■ **WHAT TO PRODUCE**: Whenever the word "with" turns up in a line below, that line should be copied.

■ **INPUT RECORDS**:
※ ※ ※

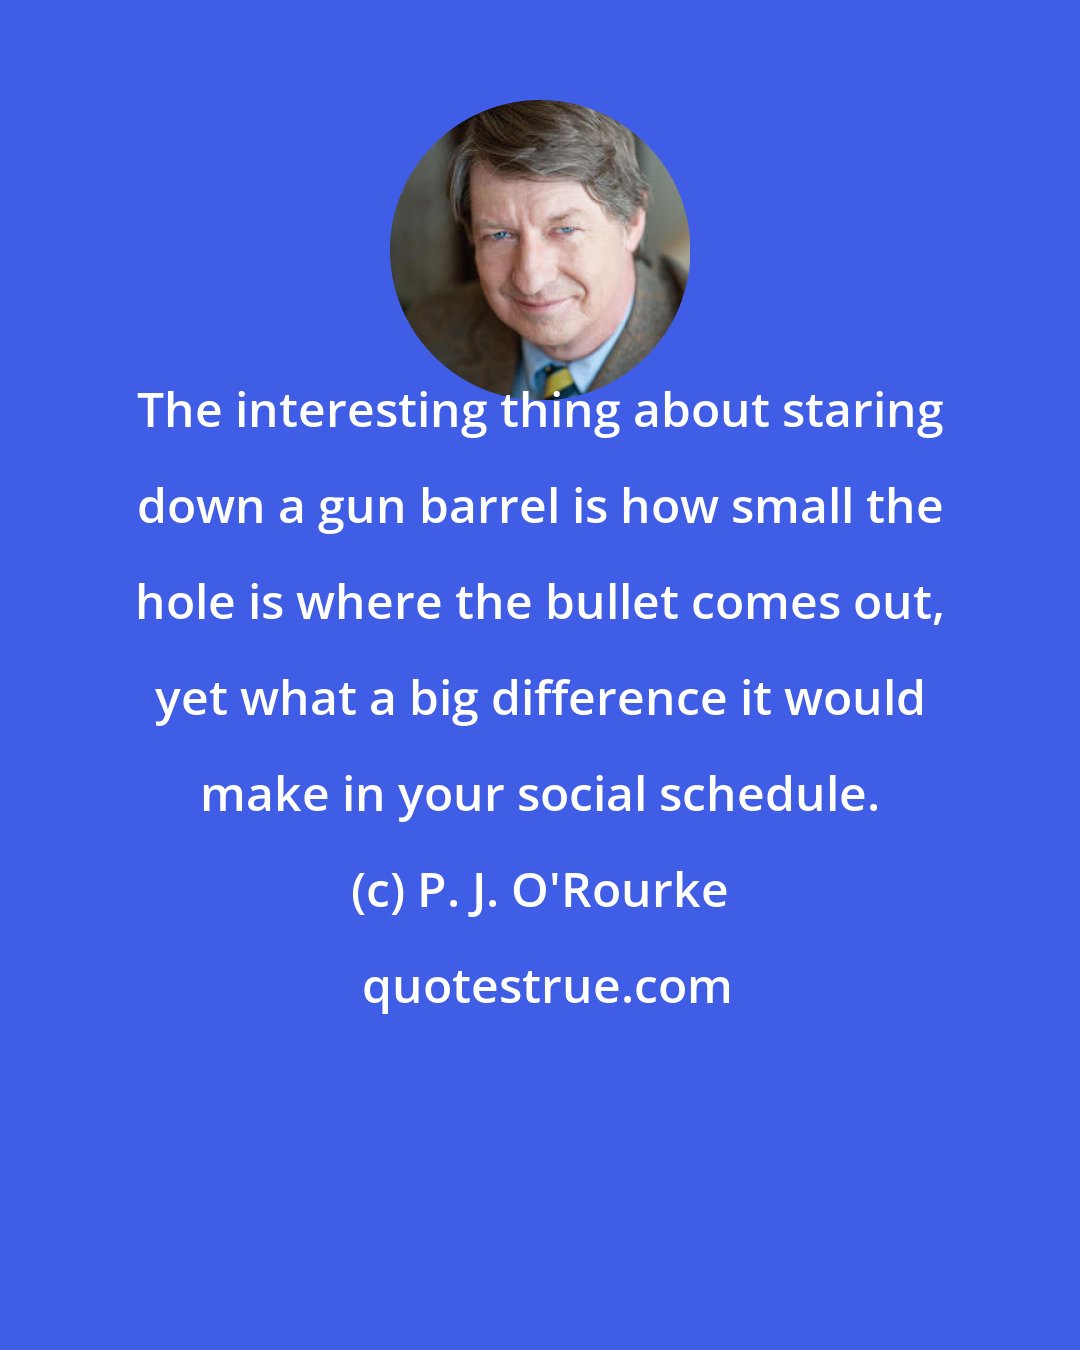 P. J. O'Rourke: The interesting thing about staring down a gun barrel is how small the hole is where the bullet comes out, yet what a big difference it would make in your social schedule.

※ ※ ※

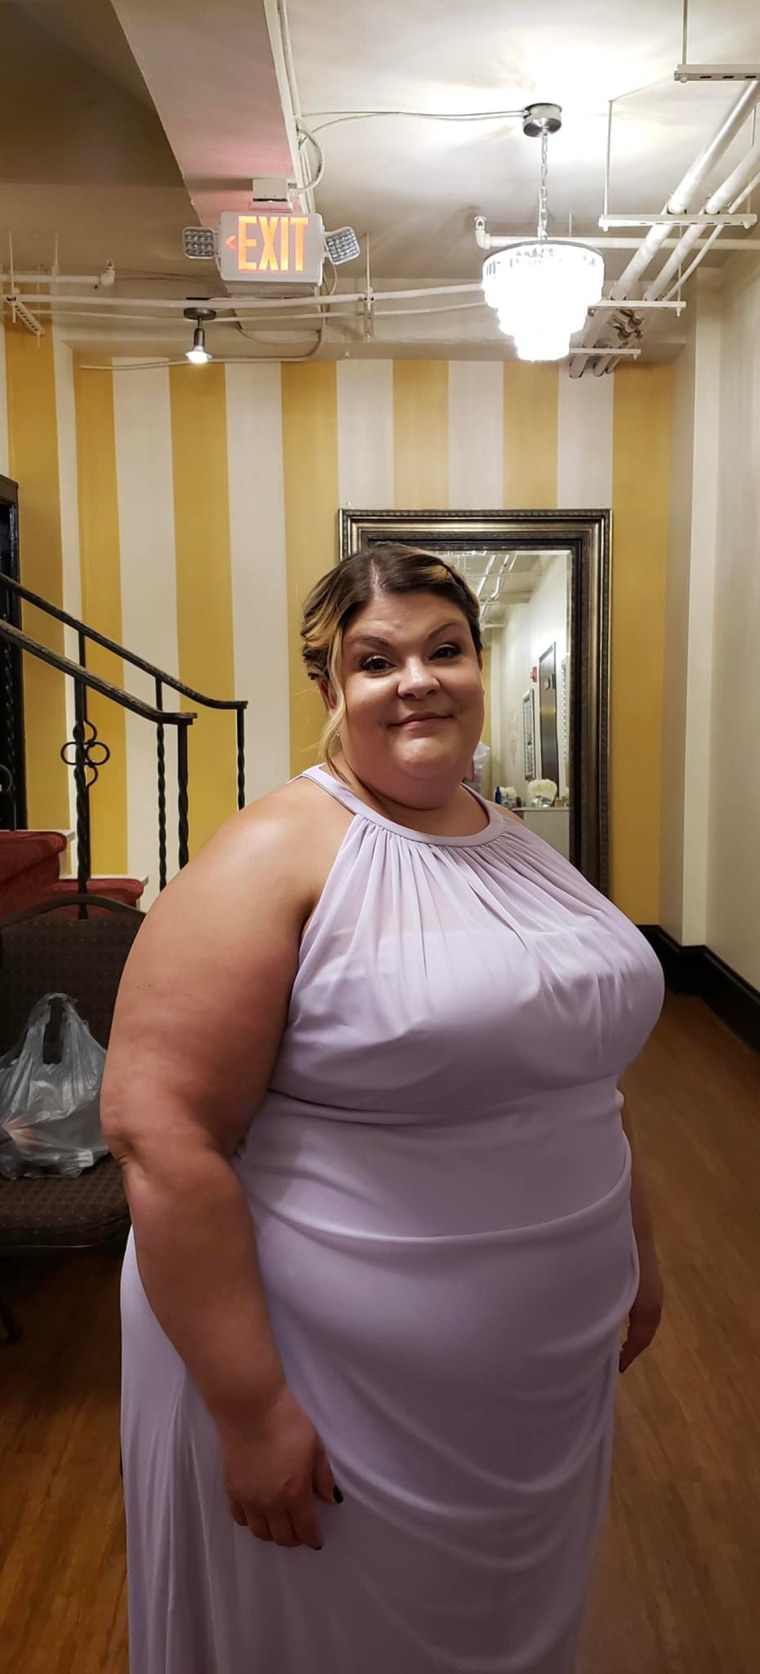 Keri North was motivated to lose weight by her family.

※ ※ ※

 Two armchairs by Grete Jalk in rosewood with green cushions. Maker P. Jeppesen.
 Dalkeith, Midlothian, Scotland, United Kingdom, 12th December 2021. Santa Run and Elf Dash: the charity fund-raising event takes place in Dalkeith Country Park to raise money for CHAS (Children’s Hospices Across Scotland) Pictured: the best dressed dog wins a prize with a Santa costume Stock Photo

※ ※ ※

■ **RESPONSE**:
 Two armchairs by Grete Jalk in rosewood with green cushions. Maker P. Jeppesen.
 Dalkeith, Midlothian, Scotland, United Kingdom, 12th December 2021. Santa Run and Elf Dash: the charity fund-raising event takes place in Dalkeith Country Park to raise money for CHAS (Children’s Hospices Across Scotland) Pictured: the best dressed dog wins a prize with a Santa costume Stock Photo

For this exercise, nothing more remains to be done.